_WHAT THE TASK ASKS_:
From the data below, return only the lines from the one with "In der Wohnung" through the one with "[SN JD21002503] USED", exact and inclusive, with pictures left out.

**** DATA IN THIS EXERCISE

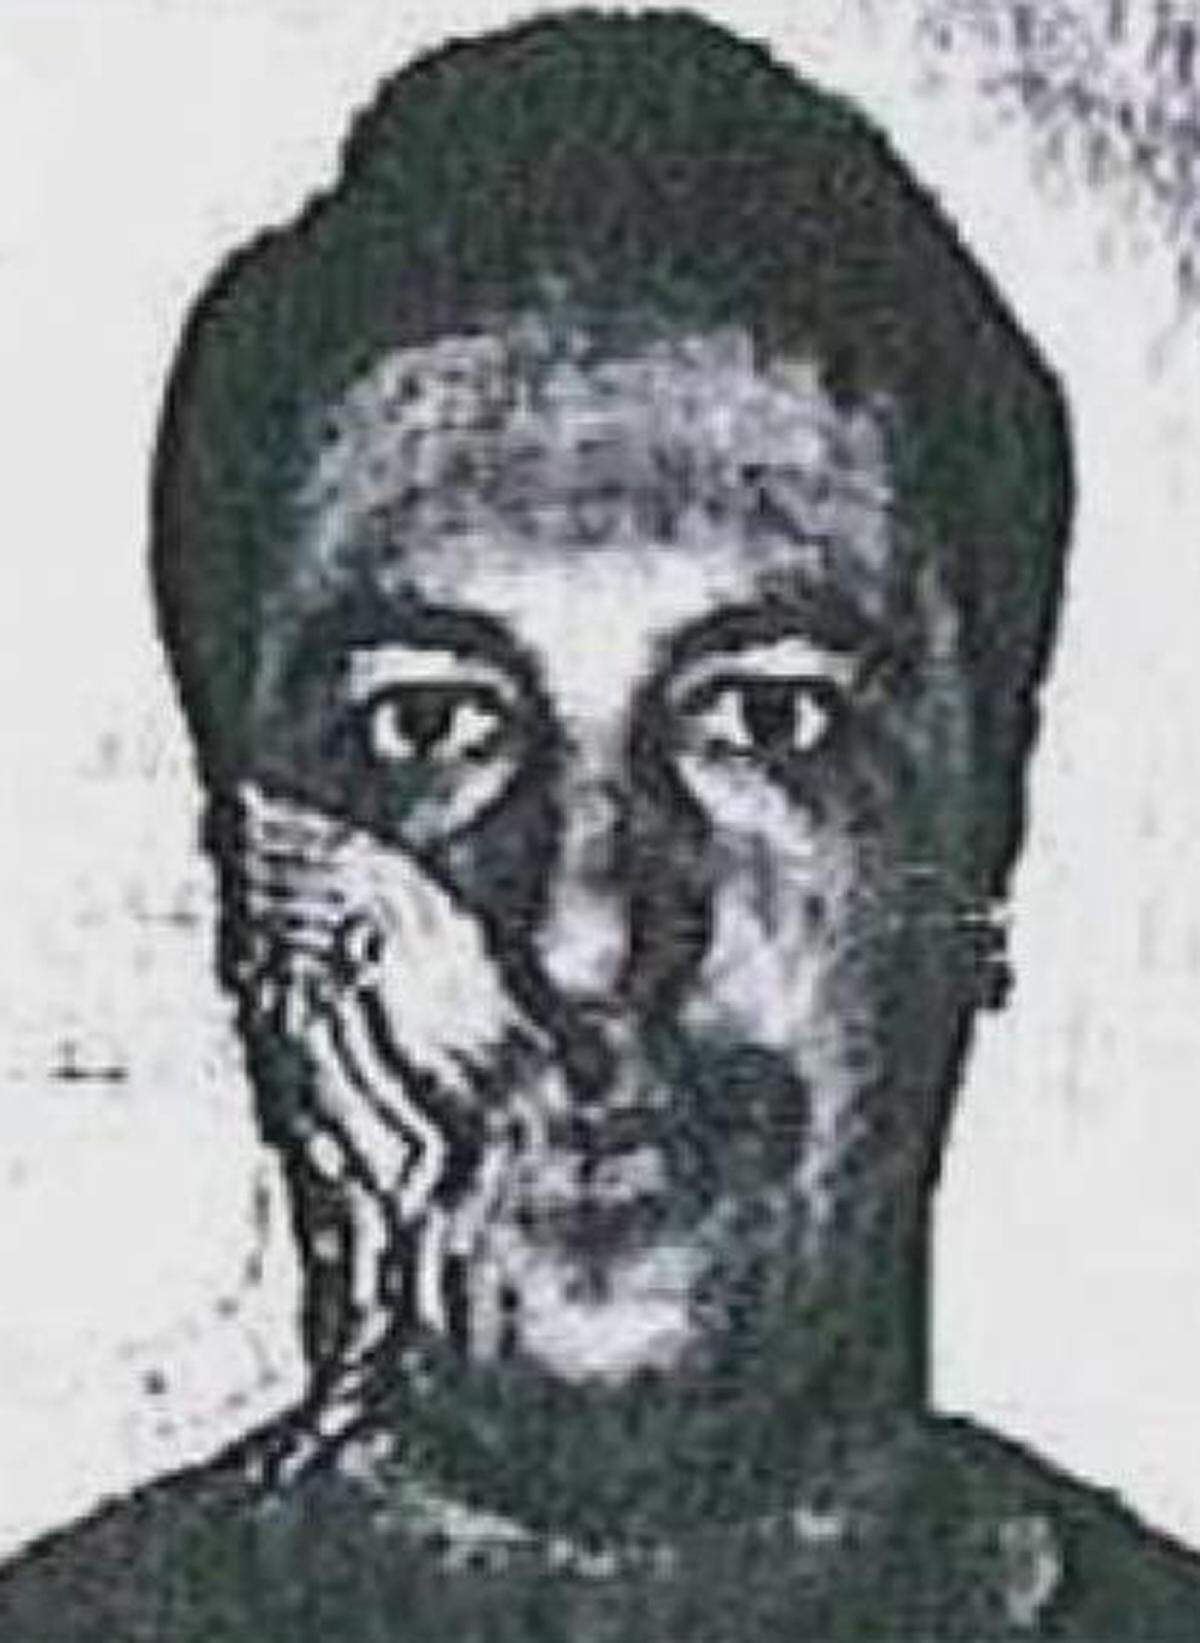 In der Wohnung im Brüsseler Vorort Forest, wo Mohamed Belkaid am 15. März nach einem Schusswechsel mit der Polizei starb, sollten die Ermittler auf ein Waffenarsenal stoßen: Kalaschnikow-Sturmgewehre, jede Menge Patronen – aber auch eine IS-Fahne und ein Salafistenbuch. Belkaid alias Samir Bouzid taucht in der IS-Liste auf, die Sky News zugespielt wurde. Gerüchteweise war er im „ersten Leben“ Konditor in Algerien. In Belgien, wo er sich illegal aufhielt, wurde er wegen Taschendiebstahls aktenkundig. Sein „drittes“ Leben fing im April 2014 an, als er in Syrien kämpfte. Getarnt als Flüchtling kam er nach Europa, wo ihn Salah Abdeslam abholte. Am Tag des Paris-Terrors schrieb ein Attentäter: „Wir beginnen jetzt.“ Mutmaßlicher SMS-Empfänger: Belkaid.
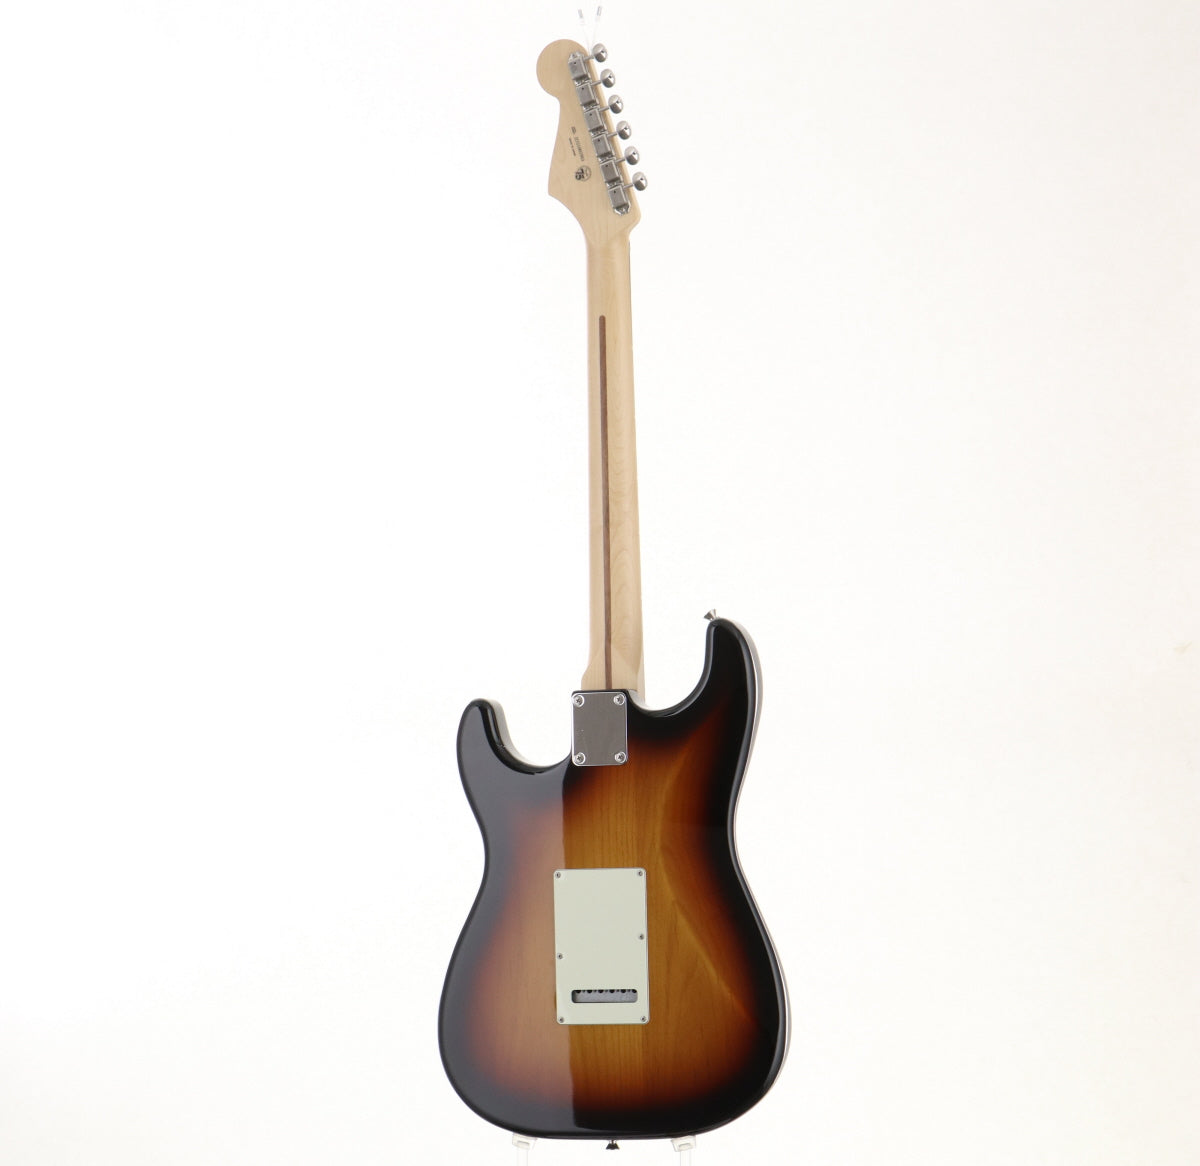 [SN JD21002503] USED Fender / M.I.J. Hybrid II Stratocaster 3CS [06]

********
**** DATA IN THIS EXERCISE

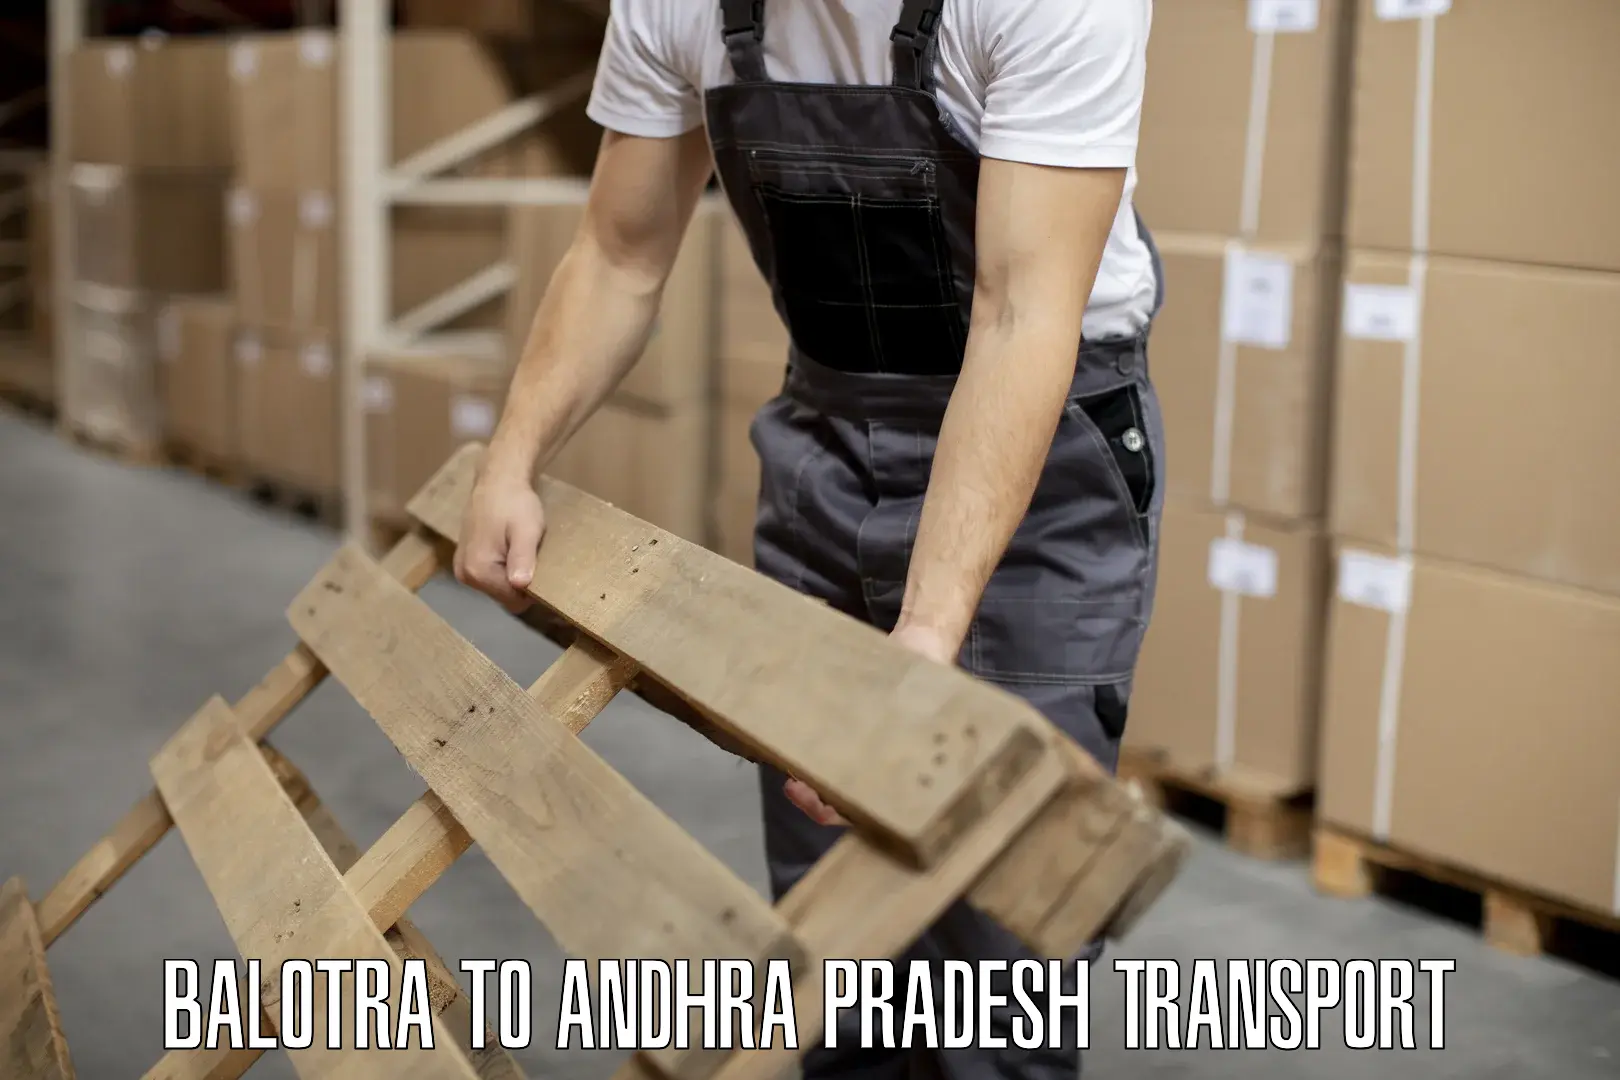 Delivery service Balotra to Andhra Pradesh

********
**** DATA IN THIS EXERCISE

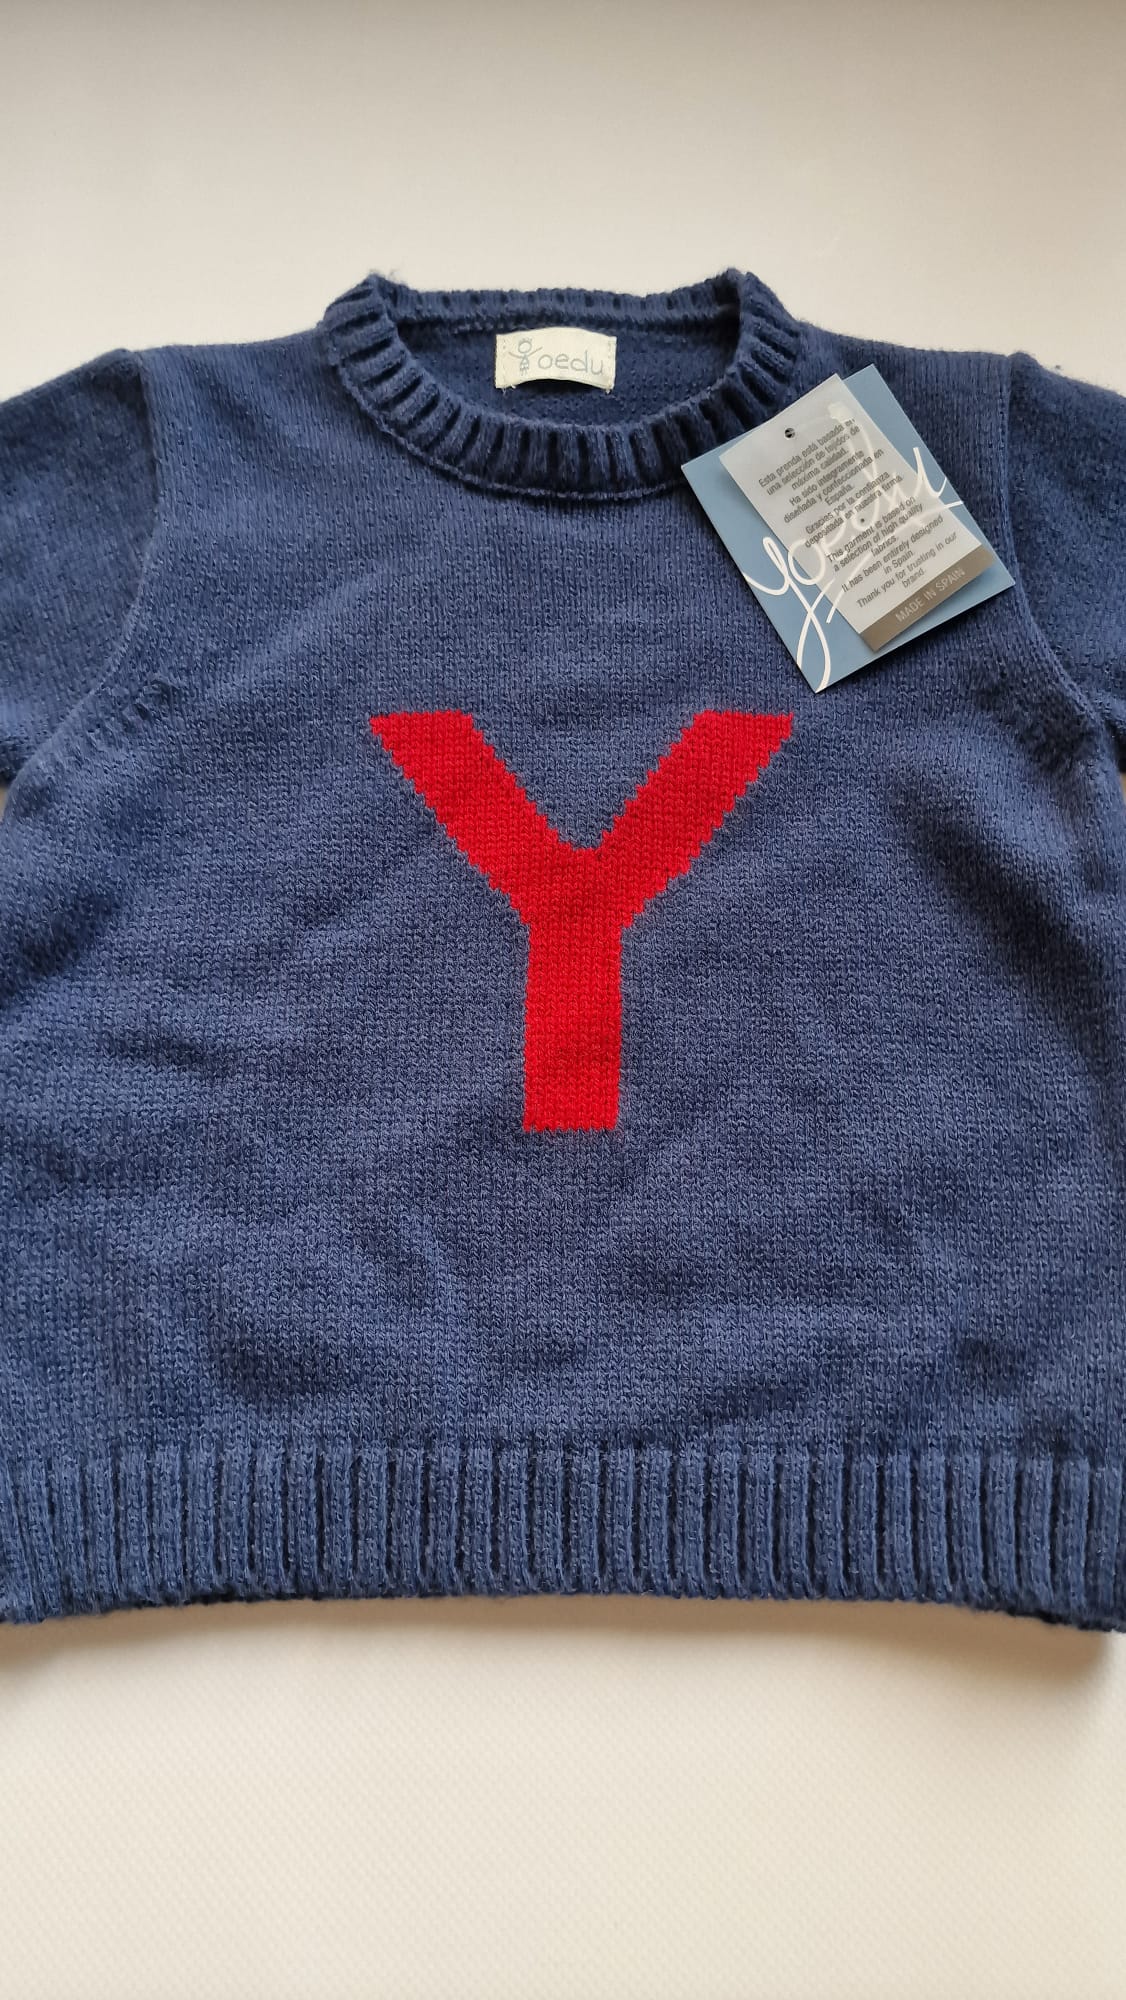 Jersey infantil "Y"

********

_ANSWER FOR THE TASK_:
 In der Wohnung im Brüsseler Vorort Forest, wo Mohamed Belkaid am 15. März nach einem Schusswechsel mit der Polizei starb, sollten die Ermittler auf ein Waffenarsenal stoßen: Kalaschnikow-Sturmgewehre, jede Menge Patronen – aber auch eine IS-Fahne und ein Salafistenbuch. Belkaid alias Samir Bouzid taucht in der IS-Liste auf, die Sky News zugespielt wurde. Gerüchteweise war er im „ersten Leben“ Konditor in Algerien. In Belgien, wo er sich illegal aufhielt, wurde er wegen Taschendiebstahls aktenkundig. Sein „drittes“ Leben fing im April 2014 an, als er in Syrien kämpfte. Getarnt als Flüchtling kam er nach Europa, wo ihn Salah Abdeslam abholte. Am Tag des Paris-Terrors schrieb ein Attentäter: „Wir beginnen jetzt.“ Mutmaßlicher SMS-Empfänger: Belkaid.
 [SN JD21002503] USED Fender / M.I.J. Hybrid II Stratocaster 3CS [06]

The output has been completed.